We undertook a series of steps to make the experience nicer for end user:

  • We rewrote our code-checker server queueing system in early 2013 to make it asynchronous. This significantly reduced the process overhead on our frontend servers. Read more.

  • We wrote a very robust realtime server in Tornado which handles the live update of webpages. A very visible case is when you receive the result in browser on compiling/submitting the code in realtime. Read more.

  • We sharded our database and wrote database routers to reduce overhead on single database and further reduce the latency in the queries. Read more.

  • Now was the time to do some heavy stress testing of our website and we found that the results were terrible. This led to optimization of our servers and tweaking it to make it faster and resilient. Read more.

Amidst all this and contests being hosted on HackerEarth almost everyday, we had to roll out new features whenever they were ready and as fast as possible. This led to writing an in-house continuous deployment system which now allows us to put anything in production as soon as it's ready. Tests are run automatically and then code is deployed in production, which keep us sane and make us brave in pushing fast. We still mess up sometimes during complicated deployments, which require series of steps to be done right and in correct order. For example, when slightly complicated package dependency is required in new commits, or when huge schema migration is required. We are working on many aspects and have invested a lot on infrastucture and builder-tools to make sure we don't mess up at least 99% of the times.

Uptime

Our uptime increased from 99.65% in April 2013 to 99.97% in November 2013. In December 2013, we made some mistakes due to extremely fast deployment which brought down the uptime to 99.89% in that month. From 1st December 2013, we have alreay deployed over 500 times. Here is our uptime stats of last 6 months:

July 2013: 99.81%
August 2013: 99.64%
September 2013: 99.98%
October 2013: 99.84%
November 2013: 99.97%
December 2013: 99.89%

The way our product is used anytime and anywhere in different timezones, we can't afford to shut down the site for 2 hours and do some upgradation, migration or deployment without any care. We knew it from beginning and have invested a lot of our time and brain in making sure everything always works smoothly.
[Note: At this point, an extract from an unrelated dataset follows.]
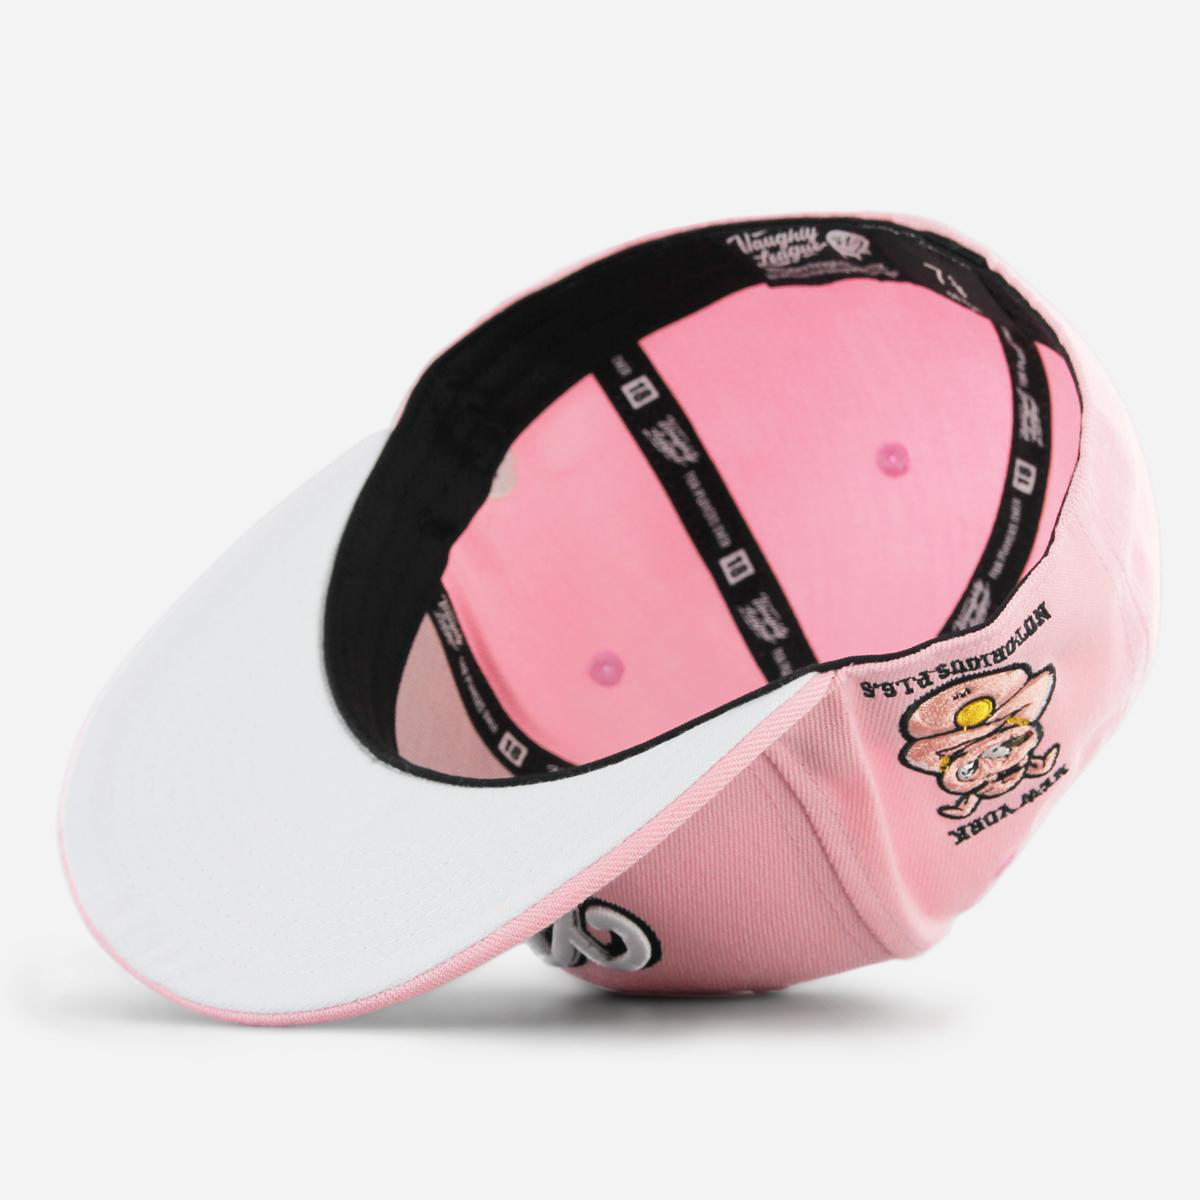 New York Notorious Pigs Fitted Baby Pink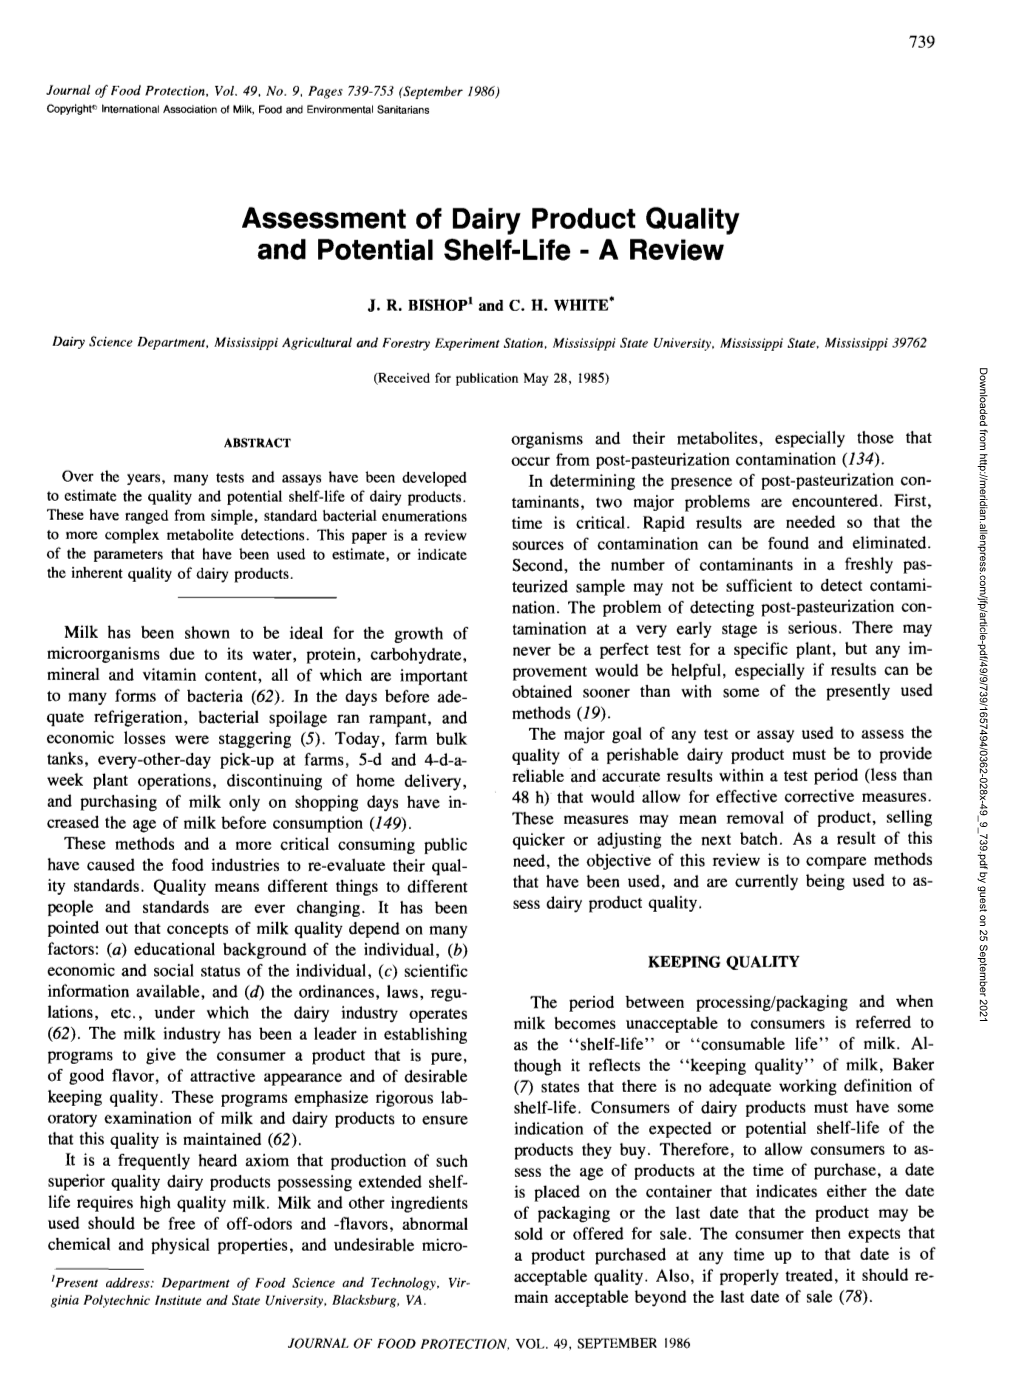 Assessment of Dairy Product Quality and Potential Shelf-Life - a Review

Monthly Challenges & Mistakes

December Monthly Challenge - Remember December was the first challenge in last 4 months which didn't see 100% uptime. The problem was something unexpected and baffling. The culture here is that we don't throw servers at large number of requests and expect them to handle everything. We don't take pride in running 100 servers. You know what, there are usually just two web-servers on which your request goes and you receive the response. We call that the frontend server. Most of the time, you are getting data from the cache. The cache is set or invalidated for each and almost many data. As of today, there are over a million key-value pairs in our memcached store. Your sessions are maintained in redis. Any other persistent data goes into MySQL or S3, but most of them are cached for some suitable lifetime. More importantly, any request that reaches our servers are made not to query the database 20 times at any point of time, whether the data is in cache or not. And when we say 20, it's twenty. we count that. Becuase we don't take pride in throwing more servers or databases at such problems.

In December monthly challenge, we discovered that we had defied our own rule of reading data from cache and were instead doing multiple hits to the database and S3. To make the situation worse, the read operations from S3 were expensive in terms of time. To make it even more bad, this was happening for users' code that gets loaded in code editor for each language. Cumulatively, each visit of problem page was sending about 30 more queries to the database now and some more operations which were time and memory expensive. The ludicrous thing was that it was only happening on first time page load, as after that cache was being accessed. To salvage the situation, we threw 2-3 more servers at your requests bringing everything to normal in 16 minutes. When we found out the reason, it was due to a recent deployment of an upcoming feature. We also found out that we already had the data in the cache and didn't even need to query the database or read from S3. But mistakes happen when you are building a complex product with a team of just 3-4 engineers, but I agree we should have been more careful.

Btw, the feature was CodePlayer which got announced yesterday.

Current Architecture at HackerEarth

To give you more insights into the architecture at HackerEarth, here are the different types of production servers that run. They might not necessarily be on different machines, and some of them might be in multiple numbers which are load balanced behind ELB or HAProxy, depending on the server.

  1. Frontend server(s)
  2. API server(s)
  3. Code-checker server(s)
  4. Search server(s) - Apache Solr & Elastic Search
  5. Realtime server - written using Tornado
  6. Status server
  7. Toolchain server (Mainly used for continuous deployment)
  8. Integration Test server (For integration testing of commits before deploying in production)
  9. Log server
  10. Memcached server
  11. Few more servers for data crunching, processing our analytics database and background jobs.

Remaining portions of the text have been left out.